▶ BRIEF: What follows is a set of records, each of which is to be written out exactly.

▶ EXERCISE MATERIAL:

++++++

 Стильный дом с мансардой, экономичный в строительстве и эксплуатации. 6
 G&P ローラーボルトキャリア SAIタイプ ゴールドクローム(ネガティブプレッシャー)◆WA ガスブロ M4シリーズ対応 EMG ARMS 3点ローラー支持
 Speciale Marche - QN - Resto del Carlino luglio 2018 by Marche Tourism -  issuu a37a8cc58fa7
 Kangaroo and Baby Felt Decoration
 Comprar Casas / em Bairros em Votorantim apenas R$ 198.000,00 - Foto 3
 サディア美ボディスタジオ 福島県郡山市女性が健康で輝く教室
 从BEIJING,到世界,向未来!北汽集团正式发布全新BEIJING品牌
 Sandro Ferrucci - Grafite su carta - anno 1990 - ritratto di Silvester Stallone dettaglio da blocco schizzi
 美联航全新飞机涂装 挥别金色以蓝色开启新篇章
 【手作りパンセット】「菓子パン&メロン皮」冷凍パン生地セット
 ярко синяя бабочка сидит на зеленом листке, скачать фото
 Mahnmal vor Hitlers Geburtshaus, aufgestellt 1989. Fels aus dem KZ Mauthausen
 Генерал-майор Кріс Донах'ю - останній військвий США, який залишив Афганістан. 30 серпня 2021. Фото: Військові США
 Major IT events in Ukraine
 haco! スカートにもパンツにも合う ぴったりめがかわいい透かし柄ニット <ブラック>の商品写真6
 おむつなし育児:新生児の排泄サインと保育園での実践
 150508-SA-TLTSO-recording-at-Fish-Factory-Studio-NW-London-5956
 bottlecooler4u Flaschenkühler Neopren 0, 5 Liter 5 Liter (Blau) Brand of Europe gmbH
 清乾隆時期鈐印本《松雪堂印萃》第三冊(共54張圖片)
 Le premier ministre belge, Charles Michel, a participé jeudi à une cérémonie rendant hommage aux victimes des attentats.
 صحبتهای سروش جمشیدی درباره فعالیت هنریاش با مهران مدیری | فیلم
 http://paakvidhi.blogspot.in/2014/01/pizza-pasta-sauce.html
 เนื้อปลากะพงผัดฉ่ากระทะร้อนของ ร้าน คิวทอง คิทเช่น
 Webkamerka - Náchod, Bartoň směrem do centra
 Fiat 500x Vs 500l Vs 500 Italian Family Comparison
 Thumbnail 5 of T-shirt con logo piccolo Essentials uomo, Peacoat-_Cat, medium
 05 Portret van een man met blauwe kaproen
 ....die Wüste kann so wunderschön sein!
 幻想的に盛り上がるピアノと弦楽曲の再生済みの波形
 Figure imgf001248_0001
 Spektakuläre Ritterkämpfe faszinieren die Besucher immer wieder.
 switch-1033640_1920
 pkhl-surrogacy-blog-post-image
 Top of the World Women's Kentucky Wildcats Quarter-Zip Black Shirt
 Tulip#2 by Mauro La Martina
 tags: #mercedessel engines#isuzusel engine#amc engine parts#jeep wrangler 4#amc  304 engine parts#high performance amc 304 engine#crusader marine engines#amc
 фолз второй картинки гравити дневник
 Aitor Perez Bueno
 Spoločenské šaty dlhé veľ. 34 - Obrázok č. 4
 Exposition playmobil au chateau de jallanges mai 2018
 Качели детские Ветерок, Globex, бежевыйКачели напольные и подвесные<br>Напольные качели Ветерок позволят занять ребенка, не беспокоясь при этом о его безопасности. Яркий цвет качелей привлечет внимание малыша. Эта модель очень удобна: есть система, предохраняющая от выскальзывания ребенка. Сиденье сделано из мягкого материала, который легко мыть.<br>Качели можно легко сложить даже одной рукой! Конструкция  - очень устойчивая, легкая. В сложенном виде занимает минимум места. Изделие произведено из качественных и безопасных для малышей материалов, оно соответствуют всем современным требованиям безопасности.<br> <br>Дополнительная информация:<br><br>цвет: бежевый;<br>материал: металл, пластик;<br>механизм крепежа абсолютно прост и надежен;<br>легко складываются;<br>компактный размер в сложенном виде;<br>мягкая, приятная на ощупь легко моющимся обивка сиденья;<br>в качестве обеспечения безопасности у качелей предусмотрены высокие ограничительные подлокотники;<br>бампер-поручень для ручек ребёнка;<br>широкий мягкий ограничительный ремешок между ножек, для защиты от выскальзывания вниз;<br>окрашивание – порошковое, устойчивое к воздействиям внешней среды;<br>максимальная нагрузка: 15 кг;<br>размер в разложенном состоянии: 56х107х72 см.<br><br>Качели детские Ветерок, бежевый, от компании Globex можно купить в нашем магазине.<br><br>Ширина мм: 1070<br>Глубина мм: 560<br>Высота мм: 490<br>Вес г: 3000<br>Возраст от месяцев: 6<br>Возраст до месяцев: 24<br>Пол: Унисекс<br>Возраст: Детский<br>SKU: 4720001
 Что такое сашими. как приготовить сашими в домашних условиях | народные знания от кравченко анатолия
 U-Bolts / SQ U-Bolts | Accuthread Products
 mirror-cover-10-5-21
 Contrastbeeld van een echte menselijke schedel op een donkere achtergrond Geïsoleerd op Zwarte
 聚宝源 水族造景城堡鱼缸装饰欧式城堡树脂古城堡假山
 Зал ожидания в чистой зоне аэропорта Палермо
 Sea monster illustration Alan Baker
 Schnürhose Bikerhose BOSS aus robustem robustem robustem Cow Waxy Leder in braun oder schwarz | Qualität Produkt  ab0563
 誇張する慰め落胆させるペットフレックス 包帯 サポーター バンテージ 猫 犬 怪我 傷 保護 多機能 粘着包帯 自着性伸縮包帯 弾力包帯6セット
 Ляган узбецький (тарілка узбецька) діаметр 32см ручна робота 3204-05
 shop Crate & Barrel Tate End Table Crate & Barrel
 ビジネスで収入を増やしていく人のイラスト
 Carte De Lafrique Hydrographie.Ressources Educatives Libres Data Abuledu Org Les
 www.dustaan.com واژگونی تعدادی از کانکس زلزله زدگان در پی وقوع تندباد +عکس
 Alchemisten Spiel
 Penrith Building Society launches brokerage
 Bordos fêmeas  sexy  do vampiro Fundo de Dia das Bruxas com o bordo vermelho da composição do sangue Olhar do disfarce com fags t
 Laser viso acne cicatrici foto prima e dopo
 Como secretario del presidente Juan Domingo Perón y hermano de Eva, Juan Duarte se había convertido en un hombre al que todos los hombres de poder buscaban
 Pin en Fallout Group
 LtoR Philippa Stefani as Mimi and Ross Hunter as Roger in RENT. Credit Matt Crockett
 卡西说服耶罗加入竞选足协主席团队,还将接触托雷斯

++++++

▶ EXERCISE RESPONSE:
 Стильный дом с мансардой, экономичный в строительстве и эксплуатации. 6
 G&P ローラーボルトキャリア SAIタイプ ゴールドクローム(ネガティブプレッシャー)◆WA ガスブロ M4シリーズ対応 EMG ARMS 3点ローラー支持
 Speciale Marche - QN - Resto del Carlino luglio 2018 by Marche Tourism -  issuu a37a8cc58fa7
 Kangaroo and Baby Felt Decoration
 Comprar Casas / em Bairros em Votorantim apenas R$ 198.000,00 - Foto 3
 サディア美ボディスタジオ 福島県郡山市女性が健康で輝く教室
 从BEIJING,到世界,向未来!北汽集团正式发布全新BEIJING品牌
 Sandro Ferrucci - Grafite su carta - anno 1990 - ritratto di Silvester Stallone dettaglio da blocco schizzi
 美联航全新飞机涂装 挥别金色以蓝色开启新篇章
 【手作りパンセット】「菓子パン&メロン皮」冷凍パン生地セット
 ярко синяя бабочка сидит на зеленом листке, скачать фото
 Mahnmal vor Hitlers Geburtshaus, aufgestellt 1989. Fels aus dem KZ Mauthausen
 Генерал-майор Кріс Донах'ю - останній військвий США, який залишив Афганістан. 30 серпня 2021. Фото: Військові США
 Major IT events in Ukraine
 haco! スカートにもパンツにも合う ぴったりめがかわいい透かし柄ニット <ブラック>の商品写真6
 おむつなし育児:新生児の排泄サインと保育園での実践
 150508-SA-TLTSO-recording-at-Fish-Factory-Studio-NW-London-5956
 bottlecooler4u Flaschenkühler Neopren 0, 5 Liter 5 Liter (Blau) Brand of Europe gmbH
 清乾隆時期鈐印本《松雪堂印萃》第三冊(共54張圖片)
 Le premier ministre belge, Charles Michel, a participé jeudi à une cérémonie rendant hommage aux victimes des attentats.
 صحبتهای سروش جمشیدی درباره فعالیت هنریاش با مهران مدیری | فیلم
 http://paakvidhi.blogspot.in/2014/01/pizza-pasta-sauce.html
 เนื้อปลากะพงผัดฉ่ากระทะร้อนของ ร้าน คิวทอง คิทเช่น
 Webkamerka - Náchod, Bartoň směrem do centra
 Fiat 500x Vs 500l Vs 500 Italian Family Comparison
 Thumbnail 5 of T-shirt con logo piccolo Essentials uomo, Peacoat-_Cat, medium
 05 Portret van een man met blauwe kaproen
 ....die Wüste kann so wunderschön sein!
 幻想的に盛り上がるピアノと弦楽曲の再生済みの波形
 Figure imgf001248_0001
 Spektakuläre Ritterkämpfe faszinieren die Besucher immer wieder.
 switch-1033640_1920
 pkhl-surrogacy-blog-post-image
 Top of the World Women's Kentucky Wildcats Quarter-Zip Black Shirt
 Tulip#2 by Mauro La Martina
 tags: #mercedessel engines#isuzusel engine#amc engine parts#jeep wrangler 4#amc  304 engine parts#high performance amc 304 engine#crusader marine engines#amc
 фолз второй картинки гравити дневник
 Aitor Perez Bueno
 Spoločenské šaty dlhé veľ. 34 - Obrázok č. 4
 Exposition playmobil au chateau de jallanges mai 2018
 Качели детские Ветерок, Globex, бежевыйКачели напольные и подвесные<br>Напольные качели Ветерок позволят занять ребенка, не беспокоясь при этом о его безопасности. Яркий цвет качелей привлечет внимание малыша. Эта модель очень удобна: есть система, предохраняющая от выскальзывания ребенка. Сиденье сделано из мягкого материала, который легко мыть.<br>Качели можно легко сложить даже одной рукой! Конструкция  - очень устойчивая, легкая. В сложенном виде занимает минимум места. Изделие произведено из качественных и безопасных для малышей материалов, оно соответствуют всем современным требованиям безопасности.<br> <br>Дополнительная информация:<br><br>цвет: бежевый;<br>материал: металл, пластик;<br>механизм крепежа абсолютно прост и надежен;<br>легко складываются;<br>компактный размер в сложенном виде;<br>мягкая, приятная на ощупь легко моющимся обивка сиденья;<br>в качестве обеспечения безопасности у качелей предусмотрены высокие ограничительные подлокотники;<br>бампер-поручень для ручек ребёнка;<br>широкий мягкий ограничительный ремешок между ножек, для защиты от выскальзывания вниз;<br>окрашивание – порошковое, устойчивое к воздействиям внешней среды;<br>максимальная нагрузка: 15 кг;<br>размер в разложенном состоянии: 56х107х72 см.<br><br>Качели детские Ветерок, бежевый, от компании Globex можно купить в нашем магазине.<br><br>Ширина мм: 1070<br>Глубина мм: 560<br>Высота мм: 490<br>Вес г: 3000<br>Возраст от месяцев: 6<br>Возраст до месяцев: 24<br>Пол: Унисекс<br>Возраст: Детский<br>SKU: 4720001
 Что такое сашими. как приготовить сашими в домашних условиях | народные знания от кравченко анатолия
 U-Bolts / SQ U-Bolts | Accuthread Products
 mirror-cover-10-5-21
 Contrastbeeld van een echte menselijke schedel op een donkere achtergrond Geïsoleerd op Zwarte
 聚宝源 水族造景城堡鱼缸装饰欧式城堡树脂古城堡假山
 Зал ожидания в чистой зоне аэропорта Палермо
 Sea monster illustration Alan Baker
 Schnürhose Bikerhose BOSS aus robustem robustem robustem Cow Waxy Leder in braun oder schwarz | Qualität Produkt  ab0563
 誇張する慰め落胆させるペットフレックス 包帯 サポーター バンテージ 猫 犬 怪我 傷 保護 多機能 粘着包帯 自着性伸縮包帯 弾力包帯6セット
 Ляган узбецький (тарілка узбецька) діаметр 32см ручна робота 3204-05
 shop Crate & Barrel Tate End Table Crate & Barrel
 ビジネスで収入を増やしていく人のイラスト
 Carte De Lafrique Hydrographie.Ressources Educatives Libres Data Abuledu Org Les
 www.dustaan.com واژگونی تعدادی از کانکس زلزله زدگان در پی وقوع تندباد +عکس
 Alchemisten Spiel
 Penrith Building Society launches brokerage
 Bordos fêmeas  sexy  do vampiro Fundo de Dia das Bruxas com o bordo vermelho da composição do sangue Olhar do disfarce com fags t
 Laser viso acne cicatrici foto prima e dopo
 Como secretario del presidente Juan Domingo Perón y hermano de Eva, Juan Duarte se había convertido en un hombre al que todos los hombres de poder buscaban
 Pin en Fallout Group
 LtoR Philippa Stefani as Mimi and Ross Hunter as Roger in RENT. Credit Matt Crockett
 卡西说服耶罗加入竞选足协主席团队,还将接触托雷斯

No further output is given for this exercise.